Martin,
Thanks for your reply. I would prefer to keep the proposal simple. My example
of a weighted mean was just one I created off the top of my head. I don't see
it as something to actually look into implementing.
I need a way to indicate a variable is a quality status field. The distinction
that the status field only contains quality information is the important
distinction. The variable indicated with quality_flag will need to also use
flag_meanings, same as status_flag. Hence my reason for choosing quality_flag
to follow a similar naming pattern.
Barna,
Without a distinction that the entire variable is a quality variable the user
is forced to parse the flag_meanings to see if the variable applies. This would
also encourage a data provider to mix quality with source or instrument state
or something else in the same variable. That would be very difficult to
understand.
As Martin points out quality is more subjective than other status information.
A user may need to choose what parts of the quality variable to apply. I would
prefer we not conflate absolute information with subjective information. But we
need a way to distinguish the variable contains absolute information vs a
variable that contains more subjective information.

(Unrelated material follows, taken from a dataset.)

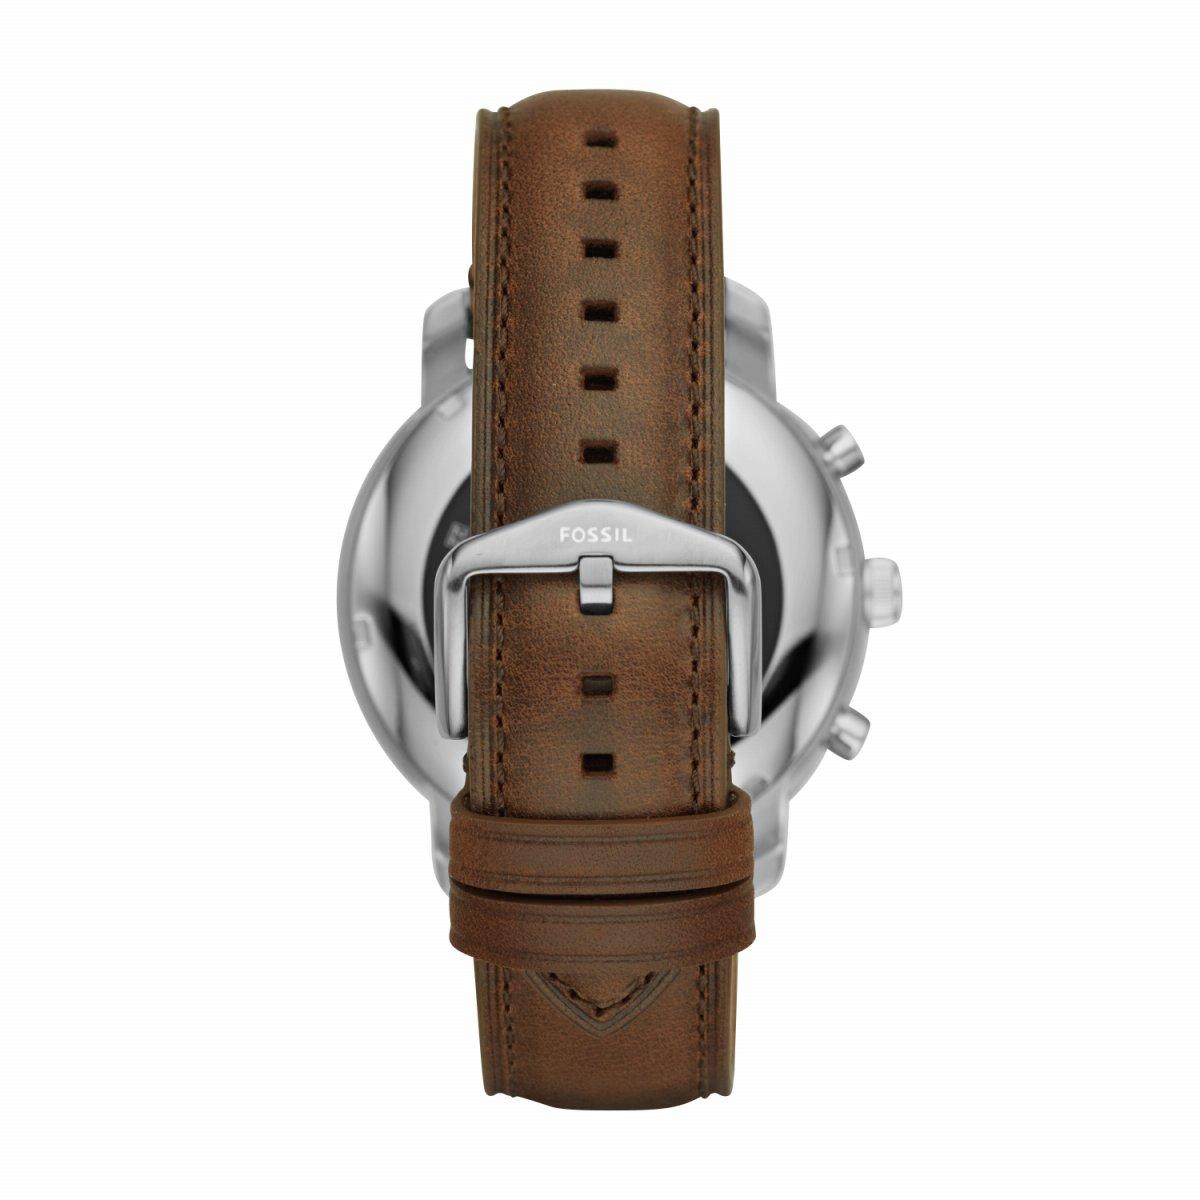 フォッシル FOSSIL Q スマートウォッチ ウェアラブル 腕時計 メンズ エクスプローリスト Q EXPLORIS FTW4003

To expand on Martin's example imagine a profiling instrument that has a shutter
to protect the laser from rain. The laser will always send out pulses and the
receiver will always be on receiving the return from laser pulse. To know when
the shutter is in the open state where the instrument is profiling we would use
a state variable with a simple flag_values method.
short shutter (time)
shutter:long_name = "Shutter state"
shutter:units = '1'
shutter:flag_values = 0, 1
shutter:flag_meanings = "closed open"
shutter:standard_name = "status_flag"
This variable is just indicating the position of the shutter. There is no
ambiguity with it's use. If a user wants to use the data for atmospheric
reasons they should filter to only use data where profiling. In fact we can
implement this variable into our code by only using data where shutter is set
to open.
Here is an example of more subjective quality variable.

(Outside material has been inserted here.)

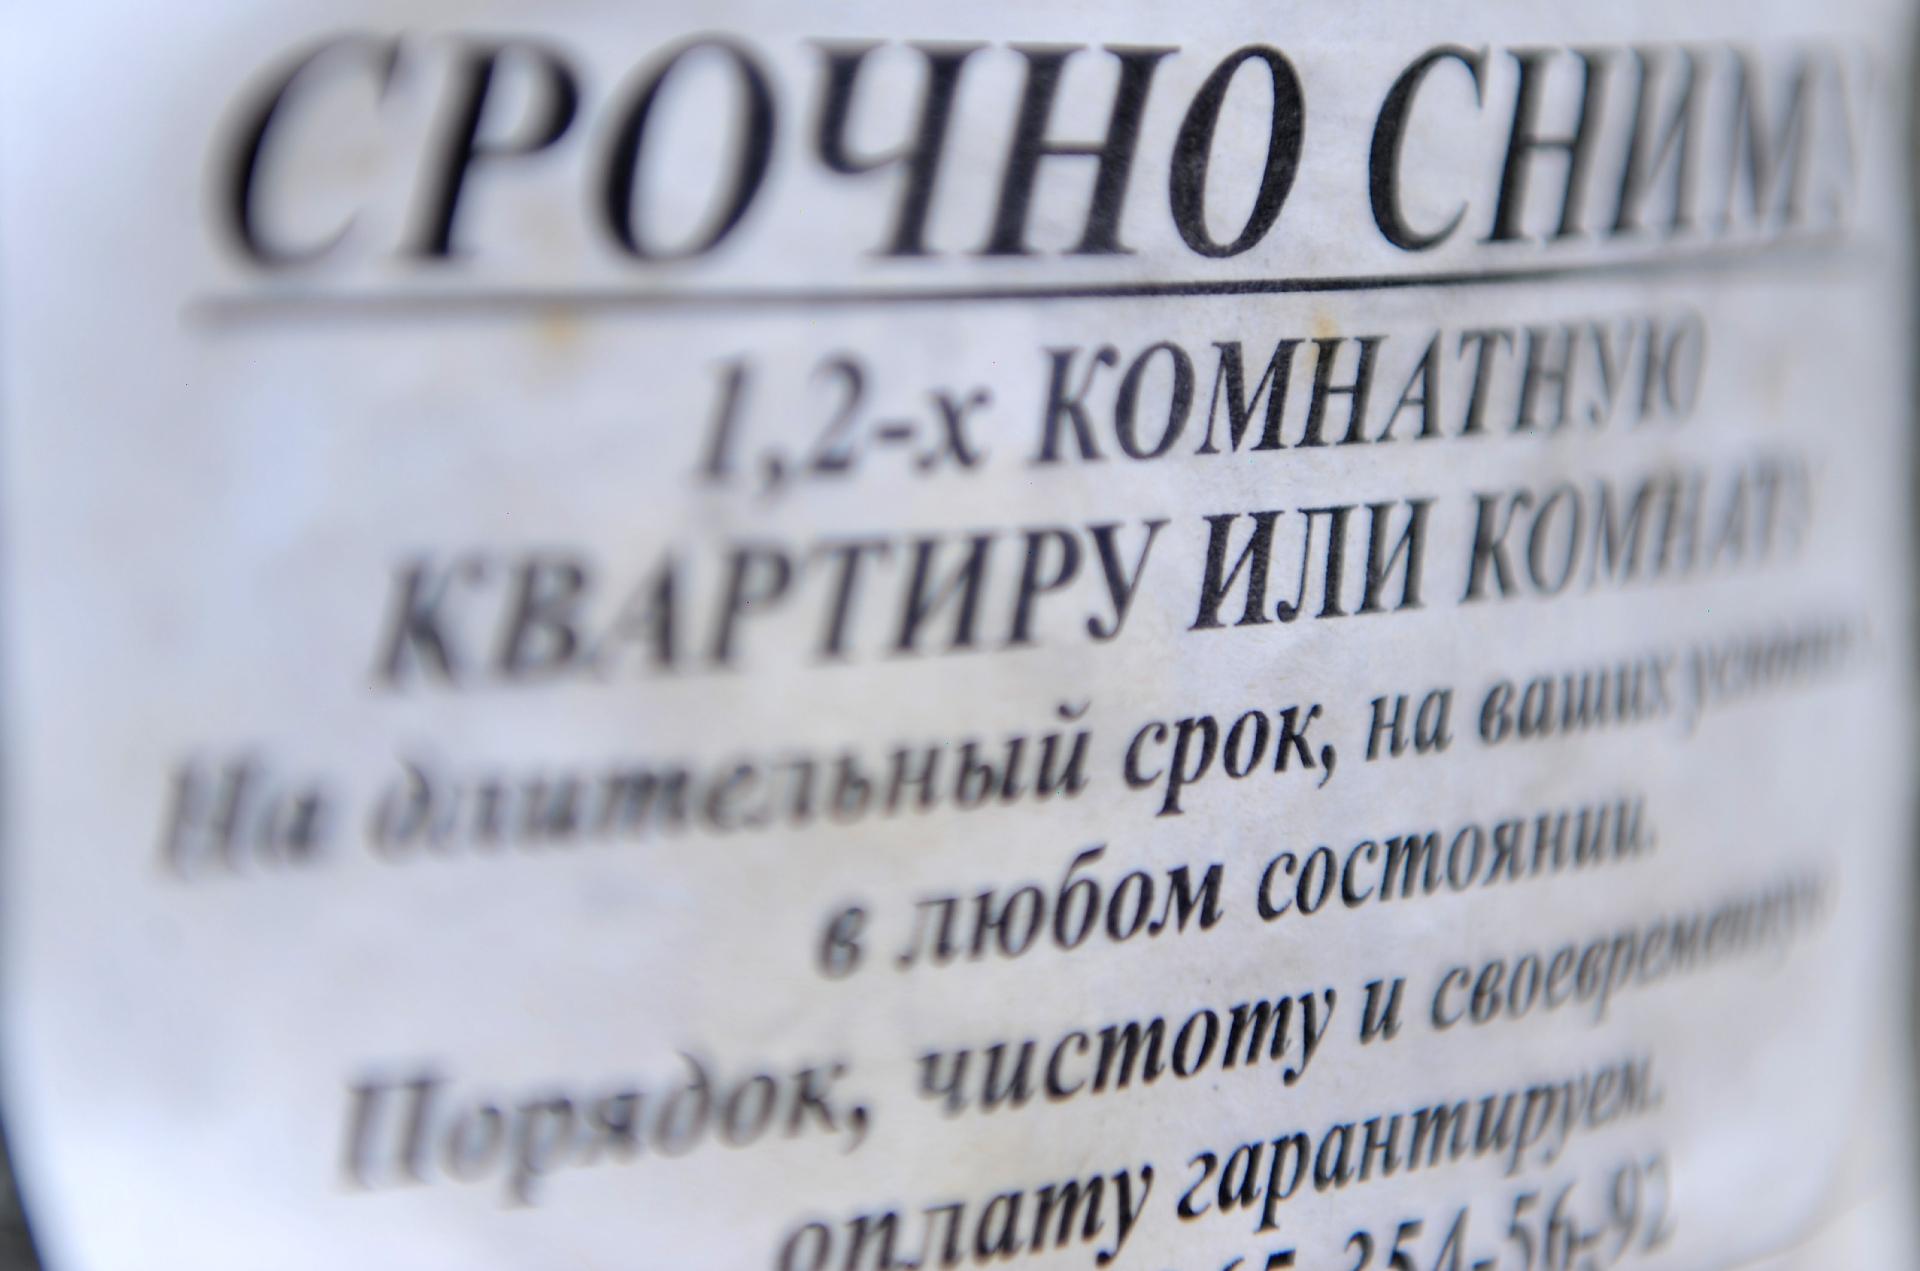 Фото:Сергей Карпов/ИТАР-ТАСС

short quality_variable (time)
quality_variable:long_name = "Quality variable for linked data variable"
quality_variable:units = '1'
quality_variable:flag_masks= 1, 2, 4, 8, 16, 32
quality_variable:flag_meanings = "Shutter_not_open
Laser_below_80_percent_power
Laser_below_60_percent_power
Laser_below_40_percent_power
Bird_poop_may_be_on_sensor
Bird_poop_is_on_sensor"
quality_variable:flag_meanings = "Bad Suspect Suspect Bad Suspect Bad"
quality_variable:standard_name = "quality_flag"
In this example there are three indications when the laser is less than 100%.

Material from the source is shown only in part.